Resilience Anti-Patterns: The Missing Retries That Cause Outages

Q: Why do my retries make downstream services slower?

Retry storms. When a service is struggling, every caller retrying multiplies the load, making recovery impossible. Fix with exponential backoff, jitter, and circuit breakers that stop retrying when failures are persistent.

Q: Should I always retry on 5xx errors?

No. 500 Internal Server Error might indicate a bug that will fail every time. 503 Service Unavailable and 429 Too Many Requests are typically safe to retry. 502/504 gateway errors are often transient.

Q: How long should circuit breaker stay open?

Start with 30 seconds. This gives the downstream service time to recover without keeping the circuit open so long that recovery is delayed.

Q: What's the difference between retry and hedging?

Retry waits for failure, then tries again.
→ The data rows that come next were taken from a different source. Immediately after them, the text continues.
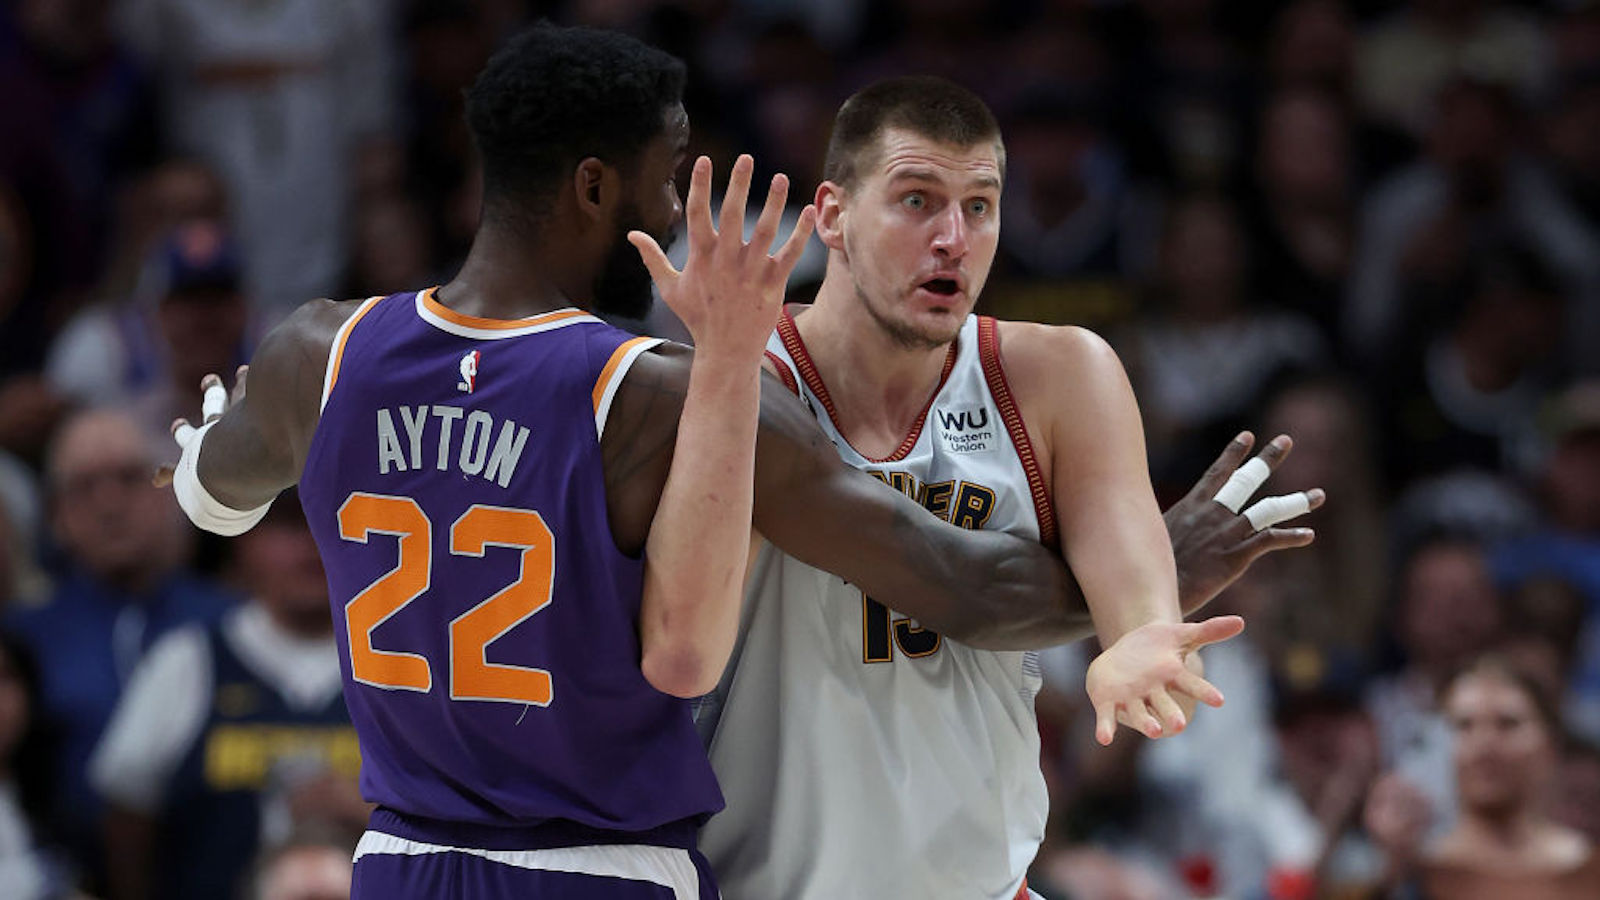 DENVER, COLORADO - MAY 09: Nikola Jokic #15 of the Denver Nuggets looks for a call while being guarded by Deandre Ayton #22 of the Phoenix Suns in the third quarter during Game Five of the NBA Western Conference Semifinals at Ball Arena on May 09, 2023 in Denver, Colorado. NOTE TO USER: User expressly acknowledges and agrees that, by downloading and/or using this photograph, User is consenting to the terms and conditions of the Getty Images License Agreement.
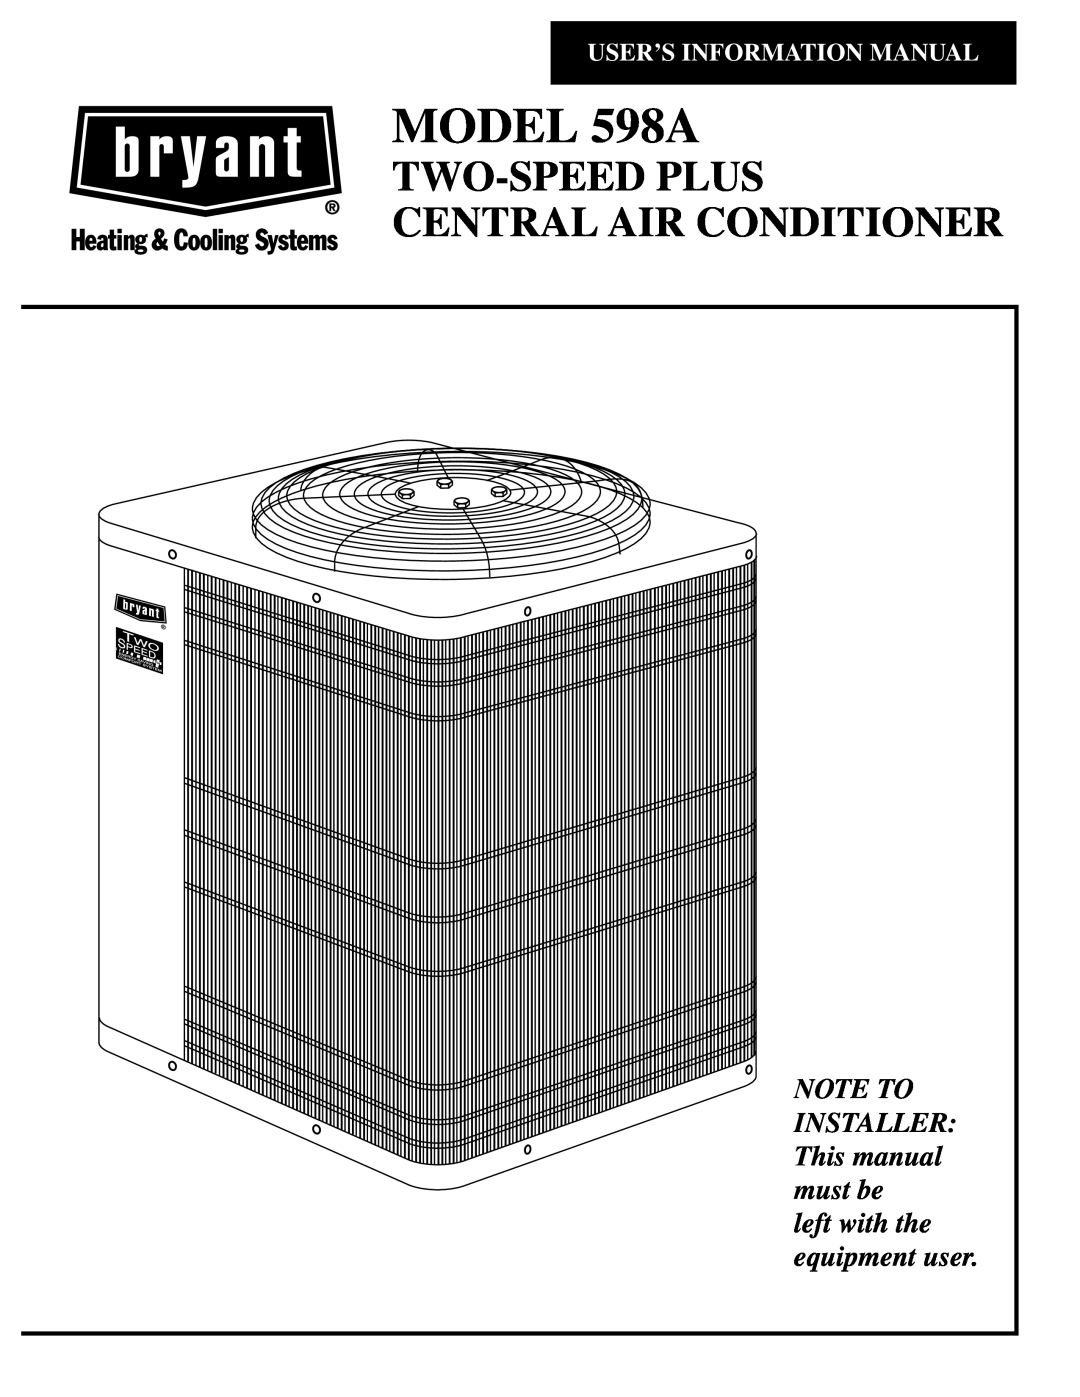 Bryant manual MODEL 598A, Two-Speedplus Central Air Conditioner, NOTE TO INSTALLER This manual must be 
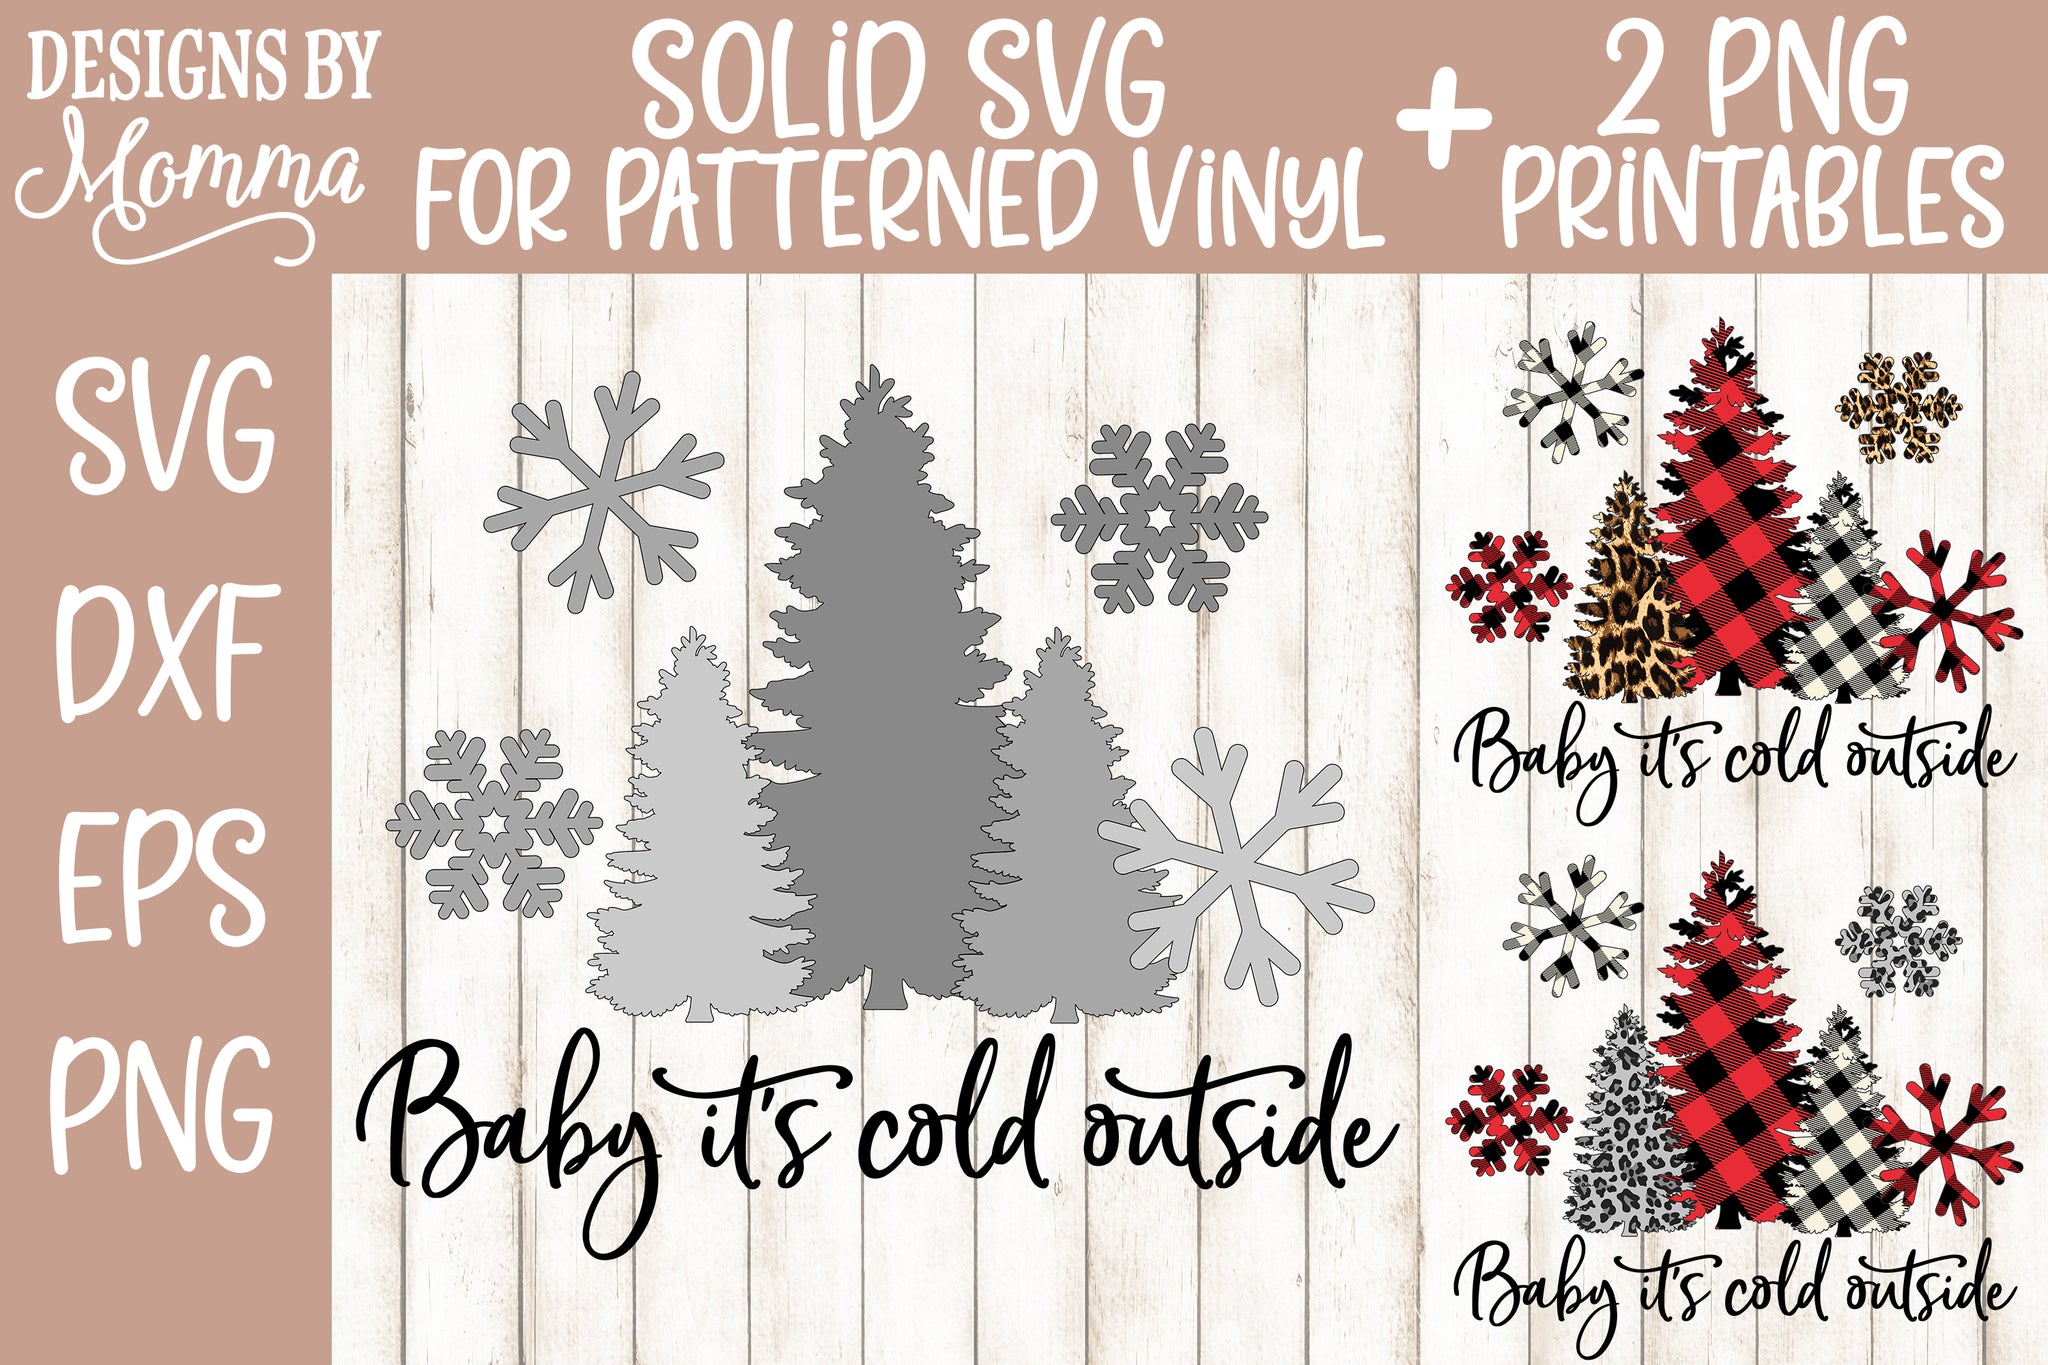 Download Baby It S Cold Outside Printable Sub Png Plus Svg For Patterned Vinyl Designs By Momma

Hedging starts parallel requests proactively (before knowing if the first will fail) and uses whichever responds first.

Q: Should every HTTP client have resilience policies?

Yes, with appropriate configuration. Internal services might need different settings than external APIs. But every external call should have at least a timeout.

Q: How do I test resilience policies?

Use chaos engineering tools (Polly's Simmy, or inject faults via middleware). Test: single failures, sustained failures, slow responses, partial failures.

Abstract

TL;DR The 6 resilience mistakes that turn transient failures into outages: missing retries, retry storms, broken circuit breakers, no timeouts, and missing fallbacks.